Honeywell announced February 5, 2024 it is driving new automation capabilities into Experion Process Knowledge System (PKS), with Release R530. The technology update integrates new features that strengthen existing control room installations through both firmware and software upgrades and supports Honeywell’s alignment of its portfolio to three compelling megatrends: automation, the future of aviation and energy transition.

Evidently Honeywell corporate has identified three parts of a vision and is placing the updates to Experion into the automation bucket. That’s OK, but I think it does a disservice to the platform if one defines automation too narrowly or traditionally.

The Experion PKS Highly Integrated Virtual Environment (HIVE) forms the foundation that R530 builds upon.

The Experion PKS R530 update introduces Experion Remote Gateway, which further enables remote operations by providing a browser-independent method to simplify monitoring and operations. Additionally, the updated Ethernet Interface Module allows for Experion PKS HIVE integration of smart protocols while optimizing the processing load of the C300 controller. These features ensure the best possible security, reliability and performance for customers.

The press release slipped in a sentence about the updated Ethernet Interface Module. I had about 30 minutes with Bastone. He picked two key features to discuss. This was one. I cannot do justice to his entire discussion. Go to the tech pages. This module eliminates a need for controller peer-to-peer communications. “It changes how communications are done.” It allows non-Honeywell I/O to communicate into the I/O HIVE. It simplifies installation and eliminates junction boxes. Check that one out.

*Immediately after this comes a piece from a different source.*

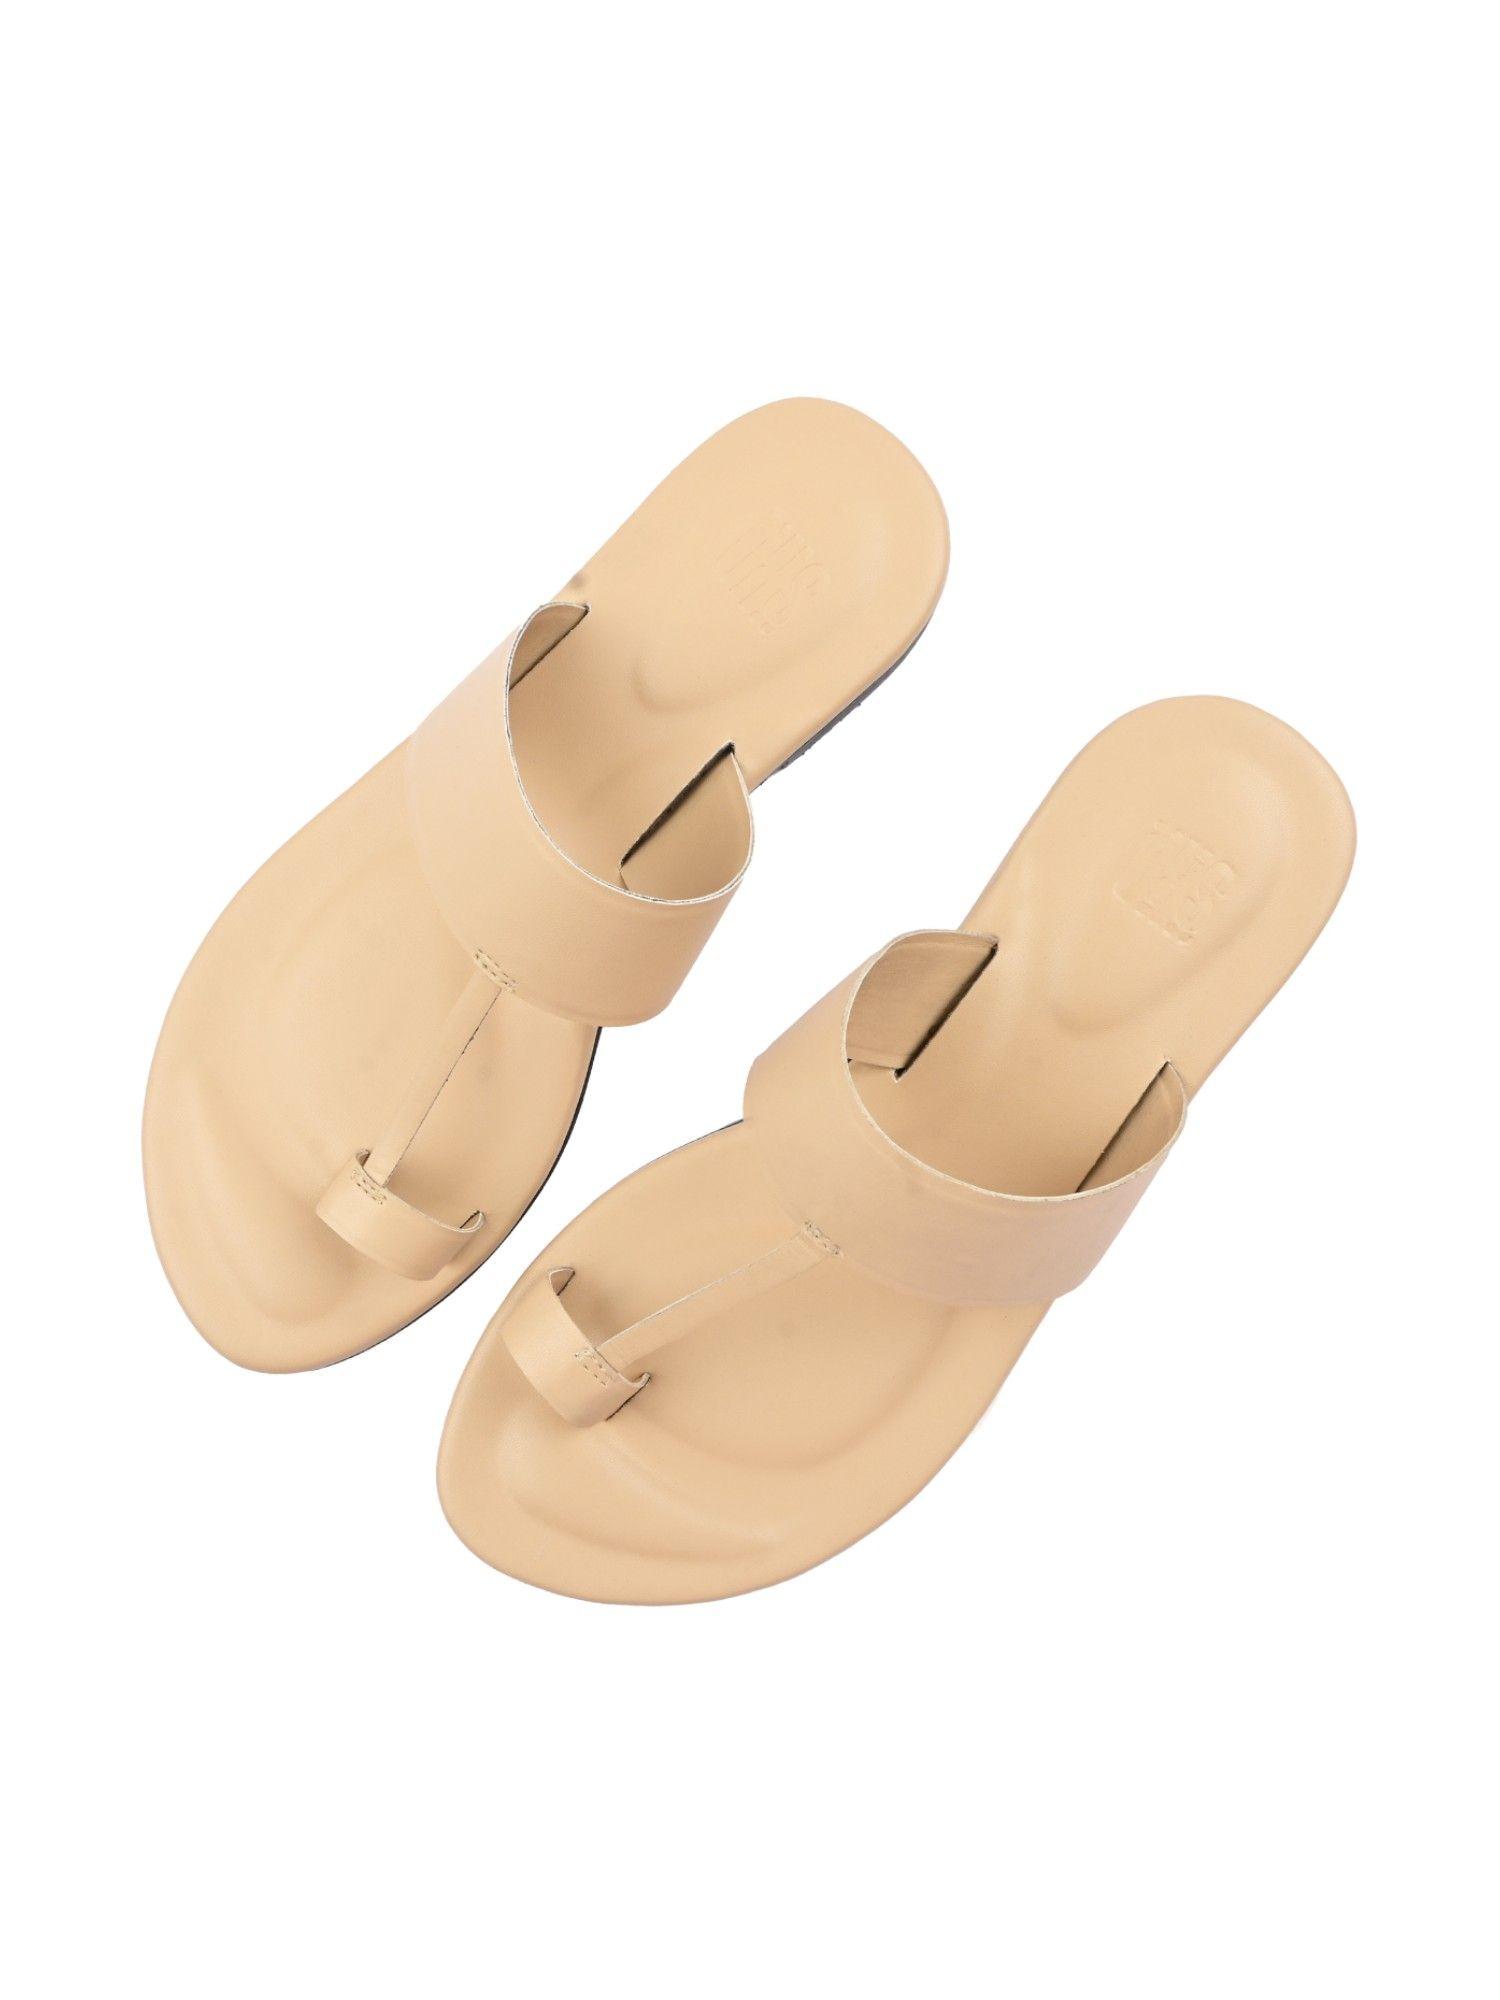 solid beige single toe sandal for women
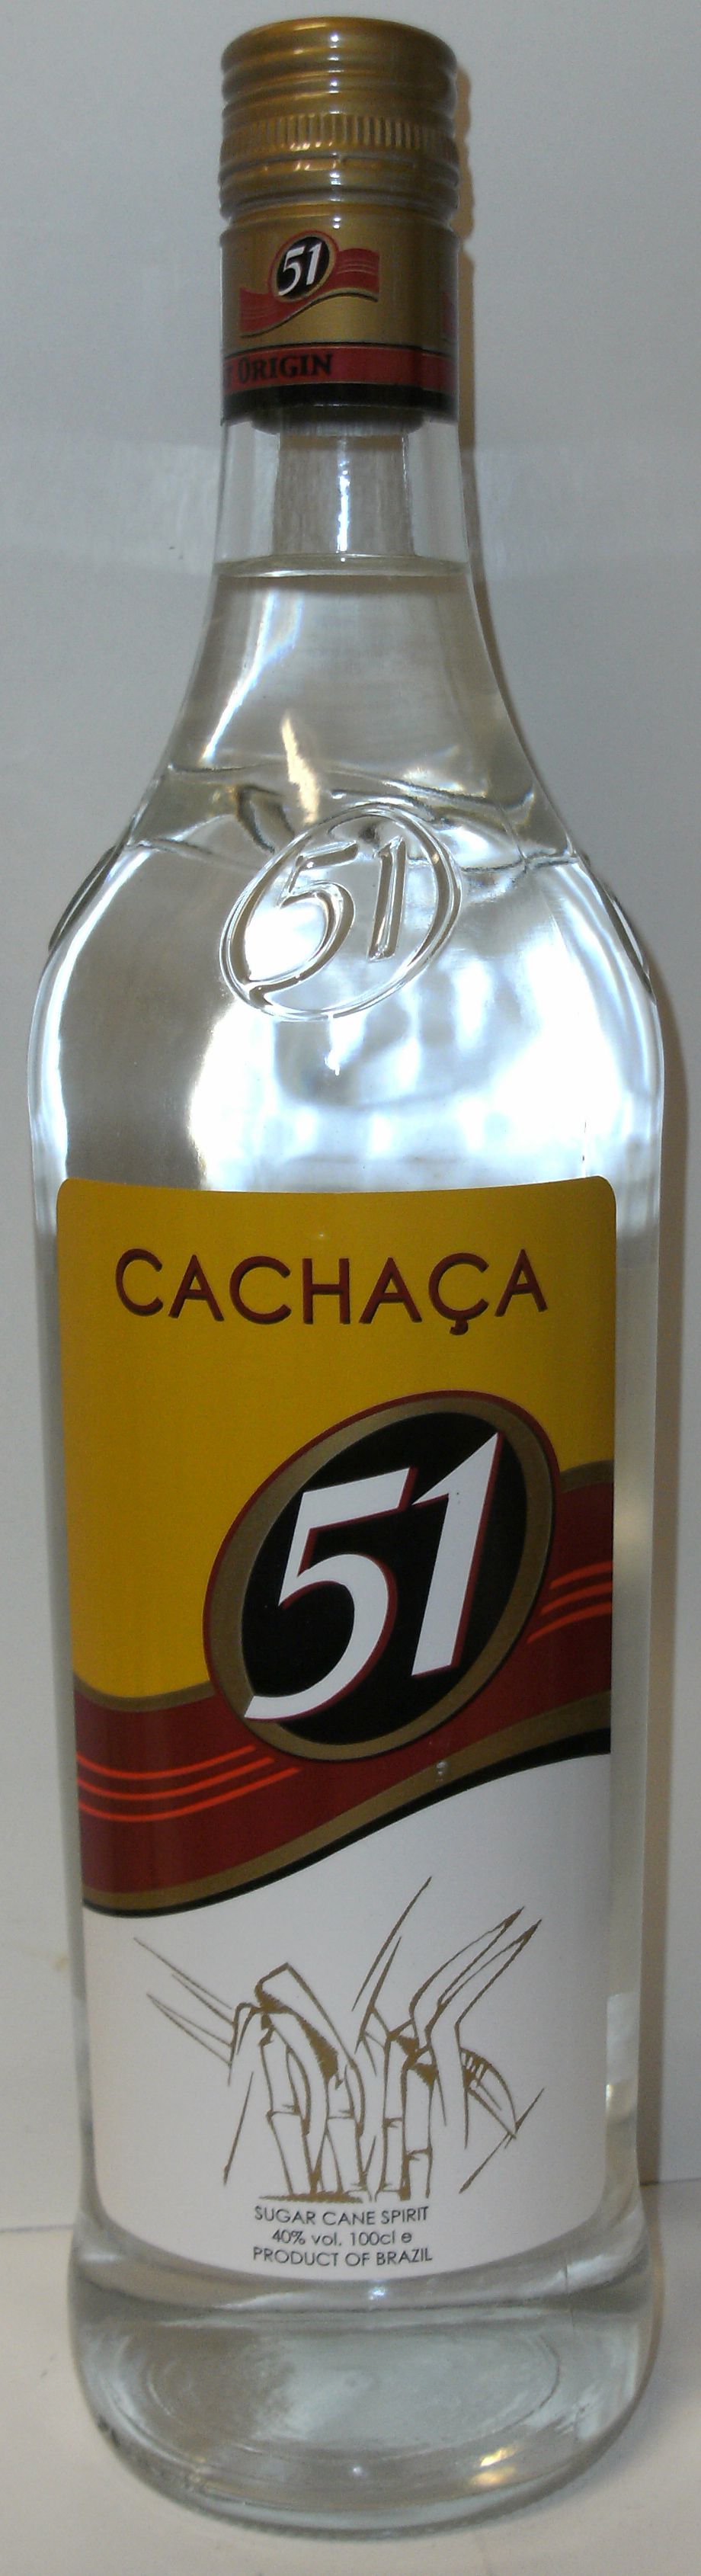 Rum: Cachaca 51 - 40% - 1.0 ltr. - Pirassununga

Experion PKS offers industry-leading flexibility in automation system design, engineering, deployment, and ongoing maintenance. Using Experion PKS Control HIVE can reduce controller count by up to 50% and system cabinet count by up to 80%, compared to traditional automation solutions. Experion PKS Control HIVE also minimizes manual interventions to ensure smoother and safer operations, reducing the risk of unplanned downtime which can impact users’ bottom line.

Back to Bastone. Imagine you have a plant. There are five areas with their own controllers. It’s all so logical and clean when new. But you have to add something at the edge of one of the areas. You go looking for the closest junction box. That may connect to a different controller. The way Control HIVE works, that can be OK. But go several years and several projects down the road. Now you may have a complex mess. But the HIVE decouples controllers and applications. The C300 can run two apps at the same time. Now if you are in a primary/backup architecture and a primary goes out, you have the backup. But the backup has no backup. So, Control HIVE can look for a partner and find a new backup. This decoupling has, in effect, added resiliency to the overall system while reducing the total number of controllers needed.

What has amazed me is that Honeywell has developed almost everything that the original designers of OPAF envisioned—except for total interoperability. They were looking for totally generic hardware so that any supplier’s products could be seamlessly inserted on upgrades. That’ll probably never happen. But Honeywell’s decoupling and HIVE technology provides a lot of upgrade capability and modernizes the architecture.